16. About one-fourth of regional debt on the auction market is coming due in the next year and one-third within two years. Figure 13 shows the distribution of debt issued on the auction market by amounts. The first figure shows the maturity profile for the region as a whole. It shows that despite the relatively long average maturities (discussed above), the region has a large amount of debt (at least one fourth) maturing within twelve months. The second figure shows the same results on a country level. While there are substantial differences between countries, all members have at least 15% of their debt maturing in the next twelve months, and as high as roughly 30% in the case of Cote d'Ivoire and Niger. Finally, the third figure shows the cumulative nominal amount maturing for the region within the next two years. More than 2.5CFA trn (or about 23 percent of the total) is due within 12 months, while almost 4.5 CFAFtrn (or 6.5 EURbn, about 35 percent of the total), is due within the next 24 months. This is equivalent to 4.1% of estimated 2022 GDP, suggesting a non-trivial amount but likely manageable under unchanged regional financial market conditions, as banks may be willing to roll-over such debt.

Figure 13.
Figure 13.

WAEMU Maturity Profiles for Auction Market Debt

Citation: IMF Staff Country Reports 2023, 103; 10.5089/9798400235986.002.A003

Sources: UMOA-Titres, IMF staff calculations.Note: Each bar includes amounts for the period shown and the preceding 12 months. E.g., 2Y includes bonds maturing between 12 and 24 months.

E. Conclusions

17. The persistent rise in public debt, coupled with the recent surge in inflation and subsequent tightening of global monetary policy is adding to debt risks for WAEMU members. The sharp rise in public debt, both prior to and following the Covid pandemic, has increased member countries' sensitivity towards interest rate developments. In recent months, financial conditions have tightened noticeably, though more in global markets than in the regional WAEMU market.
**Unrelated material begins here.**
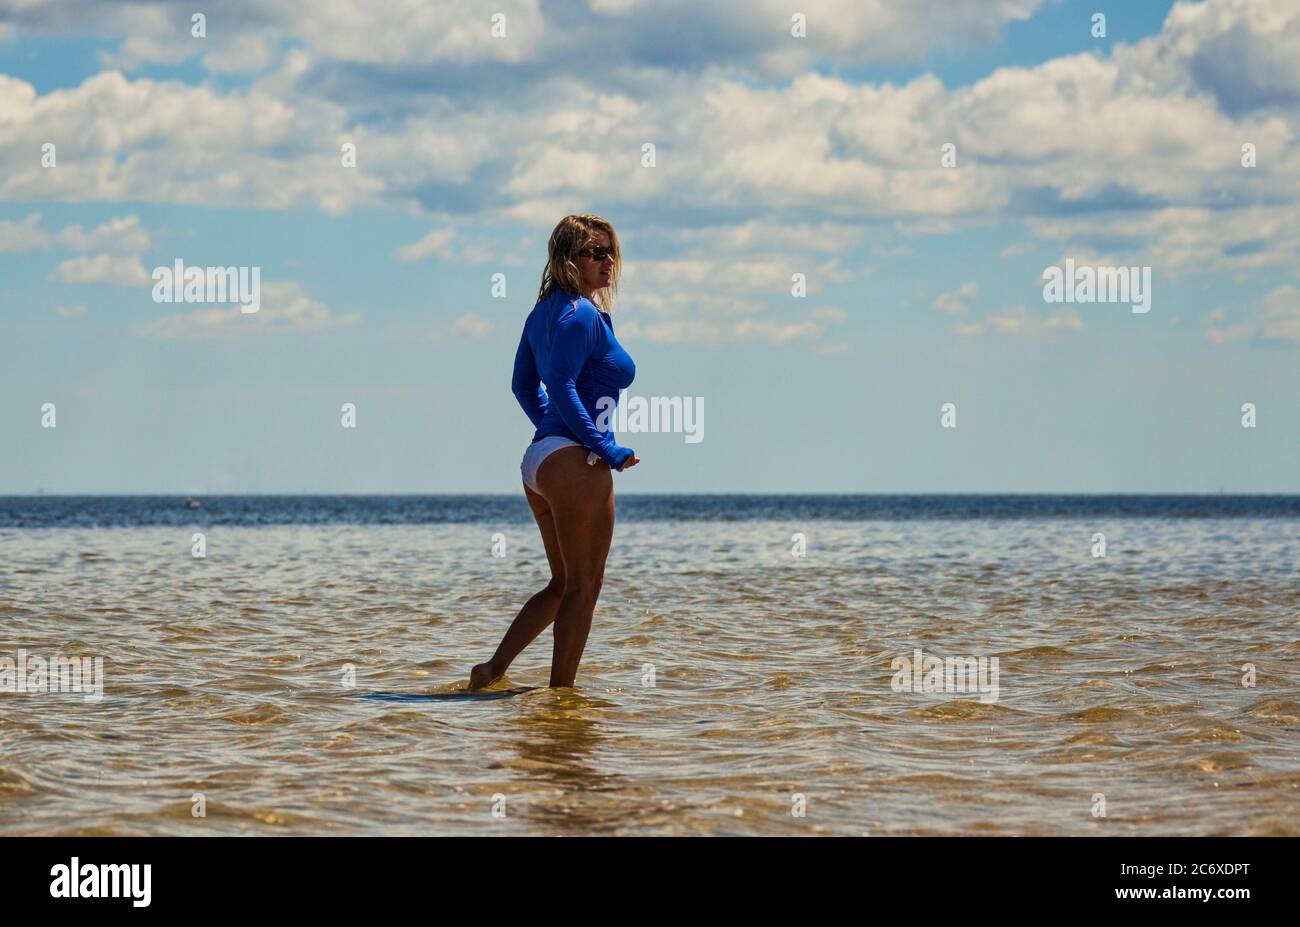 Physically Fit woman in a bikini with a blue cover up standing along the shoreline Stock Photo

18. The paper documents the evident segmentation between local and external markets in terms of dynamics of borrowing costs, likely associated with capital controls. This segmentation, together with ongoing greater reliance on tapping local markets for financing needs, have partially shielded member countries from the global rise of borrowing costs. However, it is not reasonable to expect that domestic rates would remain insensitive to global rates for a long time, should the global rates remain persistently high.

19. While the average maturity of local debt exceeds two years for all members, about one third of members' debt matures within the next two years. Coupled with the broad-based rise in global interest rates, as well as tightening monetary policy locally, this implies that a sizable share of debts will be coming due at a time of diminished appetite for bonds and rising borrowing costs.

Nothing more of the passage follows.